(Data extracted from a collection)
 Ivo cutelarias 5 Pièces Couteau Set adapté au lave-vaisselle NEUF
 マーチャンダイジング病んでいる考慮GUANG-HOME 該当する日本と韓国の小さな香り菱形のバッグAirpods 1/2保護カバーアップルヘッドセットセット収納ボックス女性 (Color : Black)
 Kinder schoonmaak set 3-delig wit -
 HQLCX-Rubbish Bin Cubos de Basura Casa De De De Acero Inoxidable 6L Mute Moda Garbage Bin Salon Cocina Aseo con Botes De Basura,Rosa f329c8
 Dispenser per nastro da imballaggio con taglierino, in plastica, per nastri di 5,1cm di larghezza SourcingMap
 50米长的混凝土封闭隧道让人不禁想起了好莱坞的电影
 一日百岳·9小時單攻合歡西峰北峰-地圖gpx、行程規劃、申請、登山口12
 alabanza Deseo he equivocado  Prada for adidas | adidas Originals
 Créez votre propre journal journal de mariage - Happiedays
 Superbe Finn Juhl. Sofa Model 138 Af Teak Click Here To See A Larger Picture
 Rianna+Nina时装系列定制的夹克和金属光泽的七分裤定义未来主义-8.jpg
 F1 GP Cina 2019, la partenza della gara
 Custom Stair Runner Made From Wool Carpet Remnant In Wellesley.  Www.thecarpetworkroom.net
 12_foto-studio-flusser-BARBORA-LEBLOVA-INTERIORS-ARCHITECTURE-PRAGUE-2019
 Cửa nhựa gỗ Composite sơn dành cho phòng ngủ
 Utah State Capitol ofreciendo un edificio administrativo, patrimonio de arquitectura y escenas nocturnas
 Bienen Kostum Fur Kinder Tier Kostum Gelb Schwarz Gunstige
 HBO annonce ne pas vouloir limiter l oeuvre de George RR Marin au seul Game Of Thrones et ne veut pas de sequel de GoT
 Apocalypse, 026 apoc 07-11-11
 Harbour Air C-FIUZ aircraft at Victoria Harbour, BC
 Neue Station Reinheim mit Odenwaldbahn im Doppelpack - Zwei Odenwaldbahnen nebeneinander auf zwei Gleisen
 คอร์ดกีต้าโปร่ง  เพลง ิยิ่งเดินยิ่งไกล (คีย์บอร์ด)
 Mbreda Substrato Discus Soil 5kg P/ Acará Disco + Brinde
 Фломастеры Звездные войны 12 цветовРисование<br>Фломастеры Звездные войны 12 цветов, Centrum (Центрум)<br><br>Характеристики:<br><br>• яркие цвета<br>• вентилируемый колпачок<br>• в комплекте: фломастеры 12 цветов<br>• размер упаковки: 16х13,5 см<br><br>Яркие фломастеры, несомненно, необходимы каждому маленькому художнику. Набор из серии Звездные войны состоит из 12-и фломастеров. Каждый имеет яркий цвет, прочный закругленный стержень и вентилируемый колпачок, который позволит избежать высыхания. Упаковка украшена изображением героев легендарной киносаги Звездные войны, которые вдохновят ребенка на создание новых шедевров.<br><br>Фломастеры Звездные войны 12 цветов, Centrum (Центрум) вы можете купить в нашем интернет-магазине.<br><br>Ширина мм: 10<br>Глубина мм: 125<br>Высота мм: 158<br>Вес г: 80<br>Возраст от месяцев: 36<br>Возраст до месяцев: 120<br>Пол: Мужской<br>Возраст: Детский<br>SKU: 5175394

§ Problem:
Where a line above contains the word "Kinder", copy that line.

§ Your solution:
 Kinder schoonmaak set 3-delig wit -
 Bienen Kostum Fur Kinder Tier Kostum Gelb Schwarz Gunstige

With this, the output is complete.